Protectionism is alive and well and for all its cries of believing in free trade, one of the worst instigators in what could very well be a global spiral, is the US. As for the oil market, costs will increase for consumers everywhere, no matter the country, and with energy such a driver in expenditure, the passing on of trade costs will ultimately lead to lower demand. But not only that, with such a hard and nearly won battle with inflation, higher prices across the commodity suite will also cause inflation and again less demand.
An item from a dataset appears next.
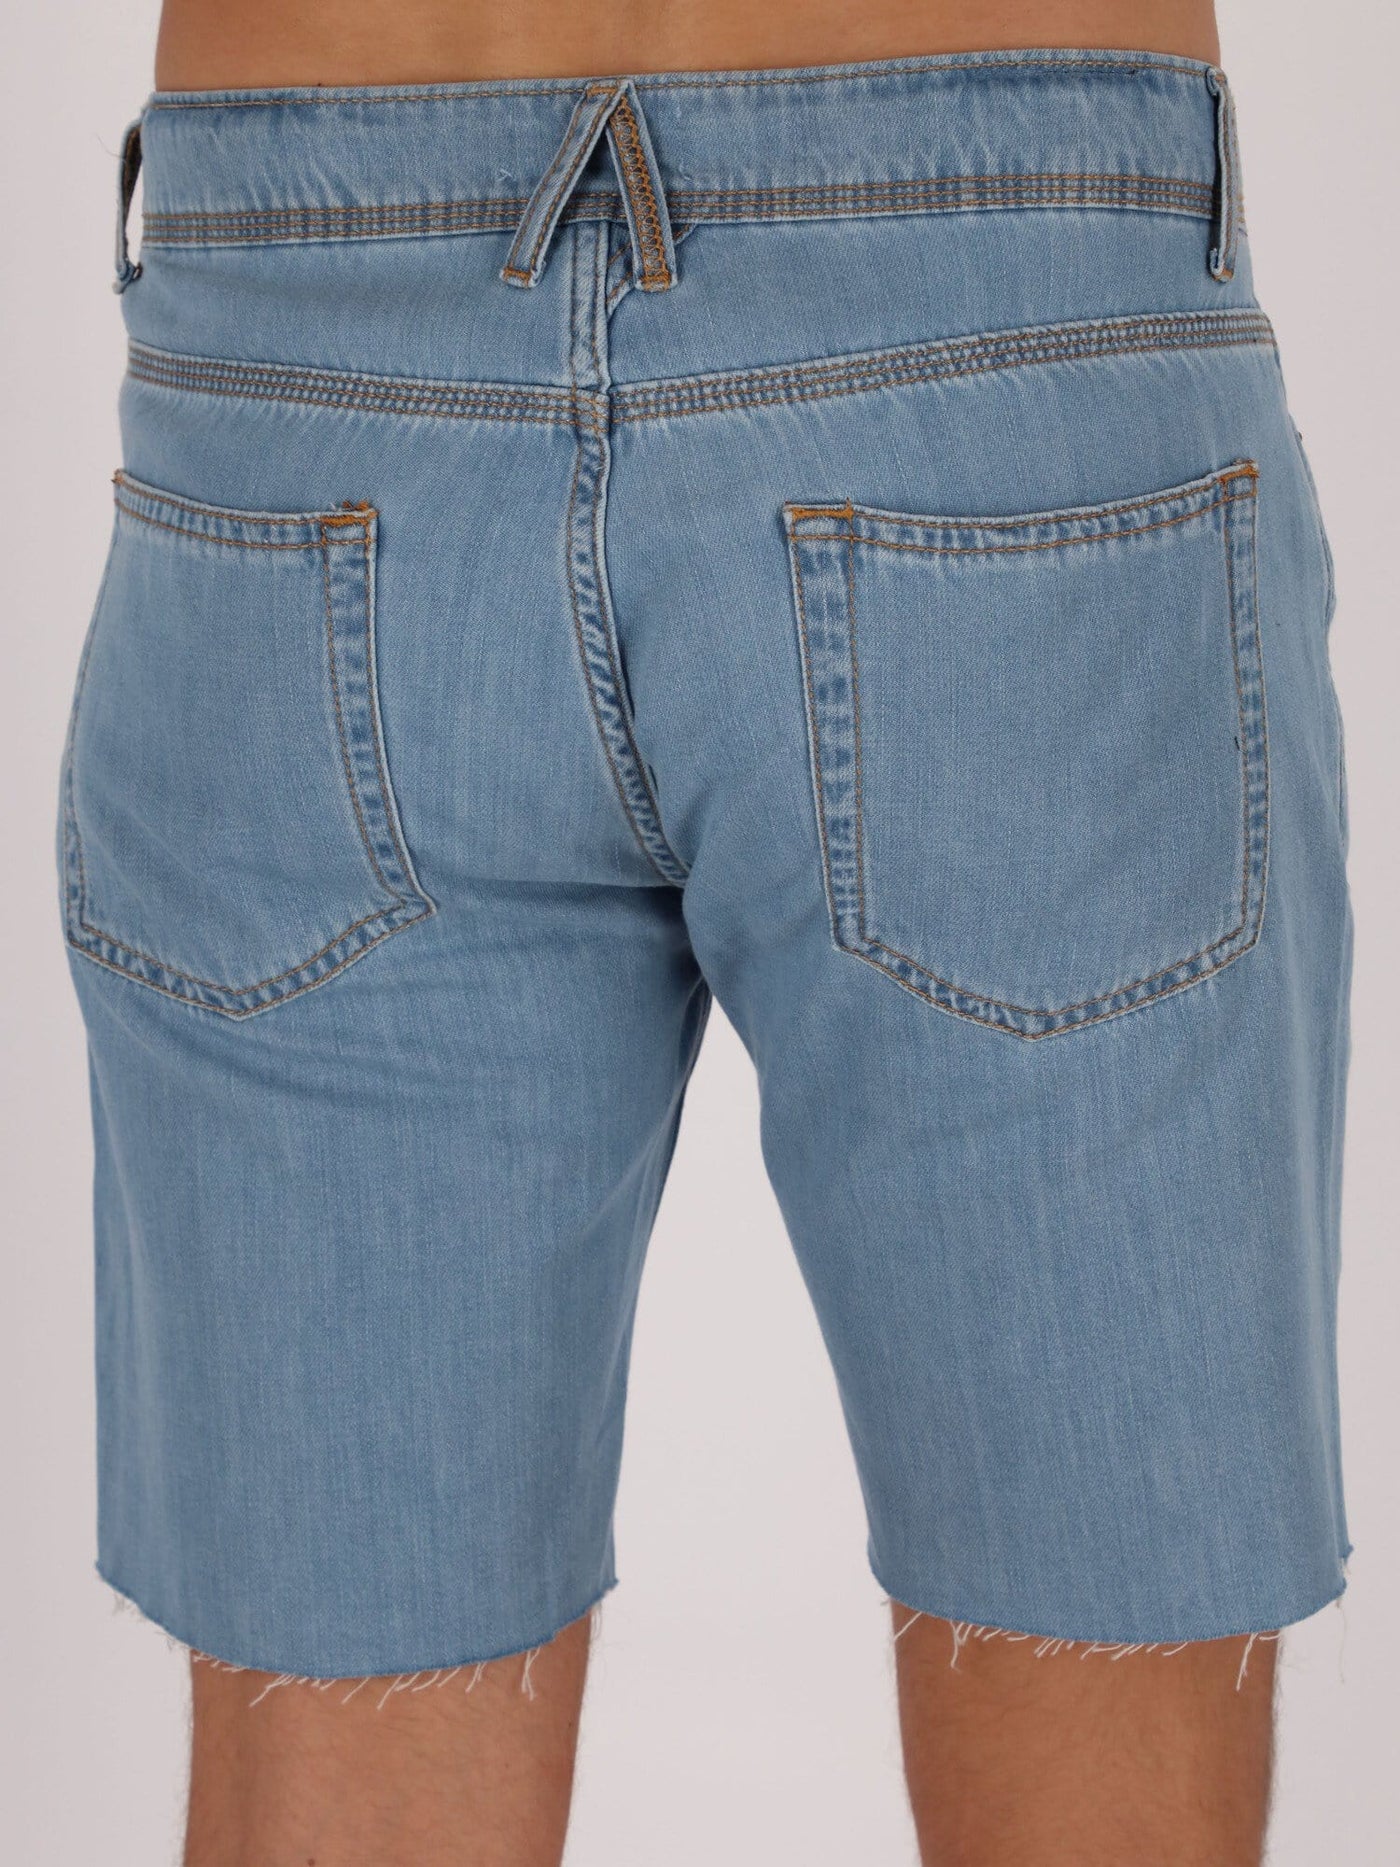 OR Pants & Shorts Raw Trims Denim Shorts

Choice becomes limited, future investment uncertain and with strained trade relations across usual allies, will the resolve to keep away from Russian, Iranian and Venezuelan crude for example dissipate? National security, post-COVID and during two unfolding wars is understandable enough. However, the very idea that keeping free trade under lock and key can benefit anyone other than communists and socialists that still believe it exploits workers, is a massive misjudgement and one that will have unpleasant costs and consequence for us all.